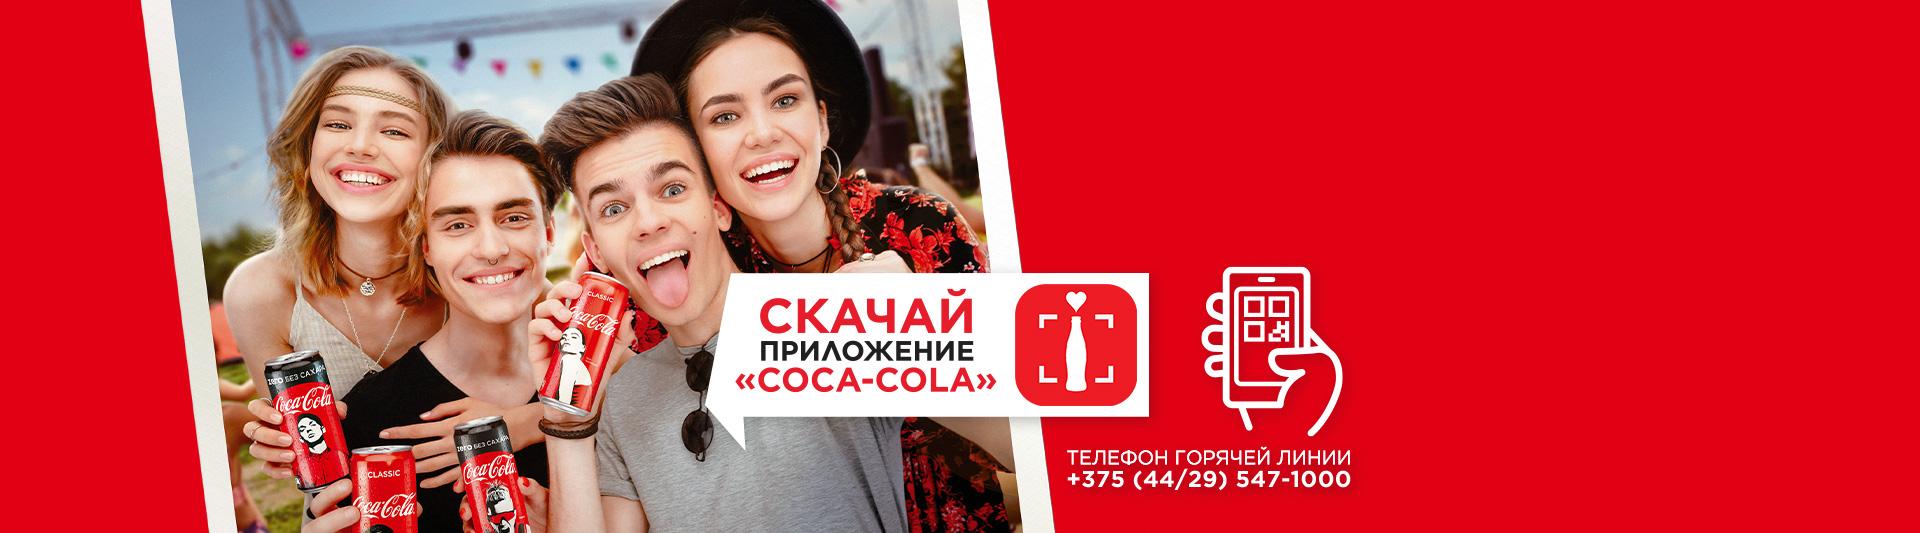 Кока кола телефон горячей туалетная вода оптом треугольники 15мл екатеринбург
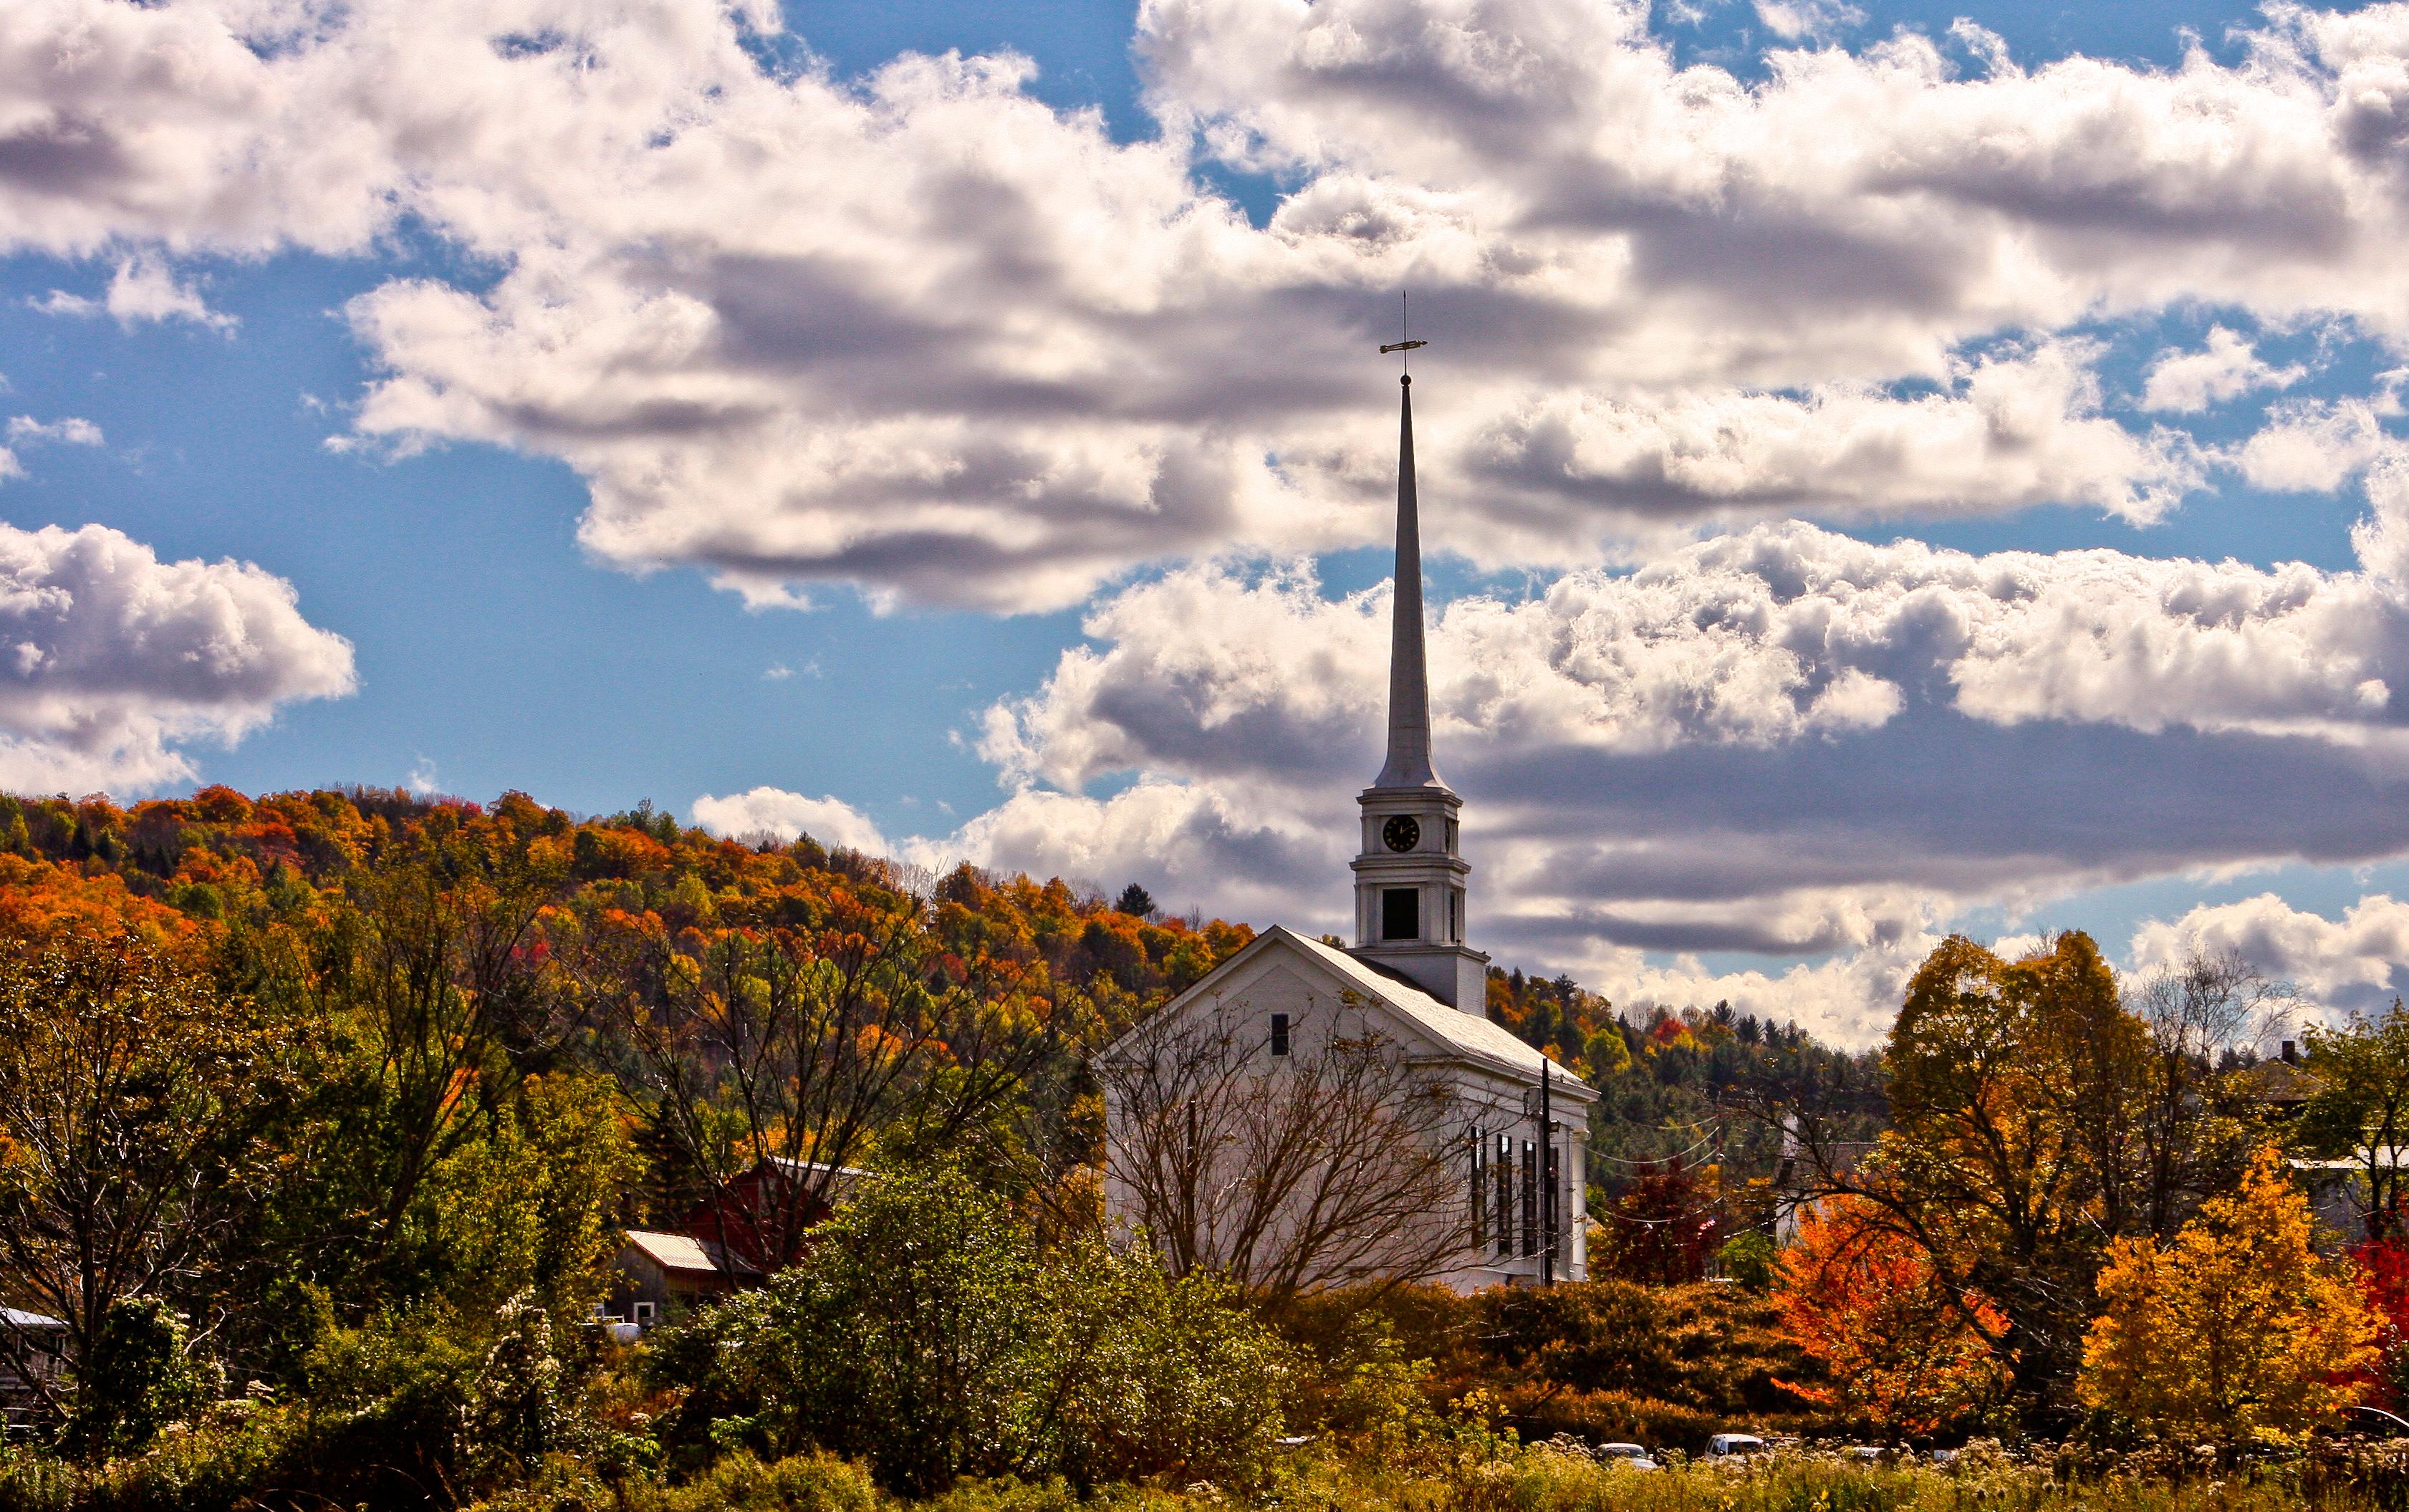 A igreja e as folhas de outono de Stowe, em Vermont. Crédito:
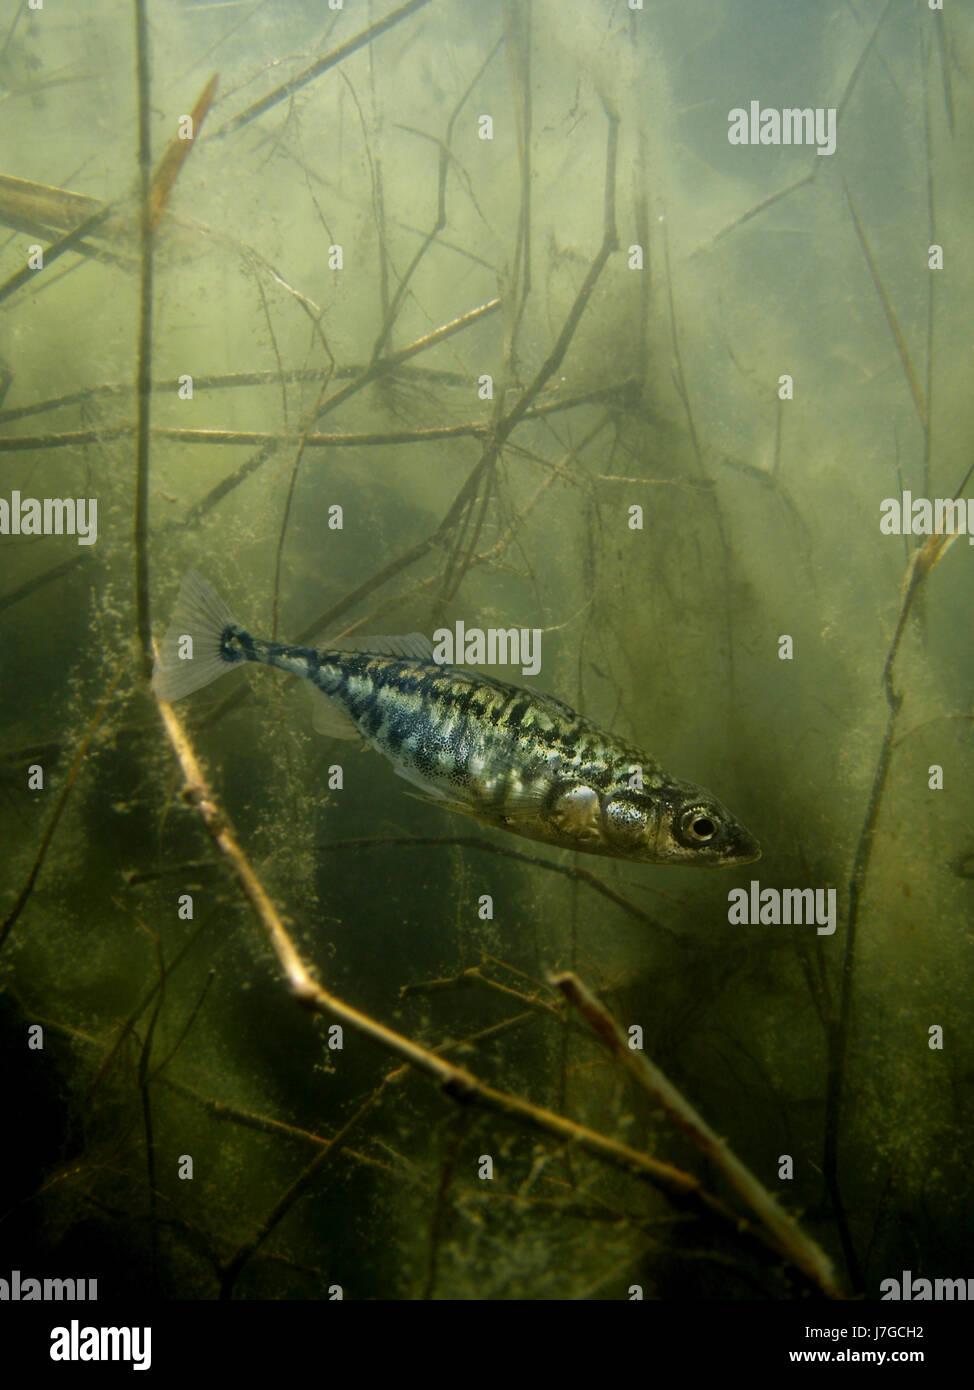 Nakedtail stickleback, Gasterosteus gymnurus, on estuarine environment. Portugal - Stock Image

+ + +

#### WHAT IS NEEDED
Restate the material above word for word, omitting the pictures.

#### YOUR SOLUTION
 Кока кола телефон горячей туалетная вода оптом треугольники 15мл екатеринбург
 A igreja e as folhas de outono de Stowe, em Vermont. Crédito:
 Nakedtail stickleback, Gasterosteus gymnurus, on estuarine environment. Portugal - Stock Image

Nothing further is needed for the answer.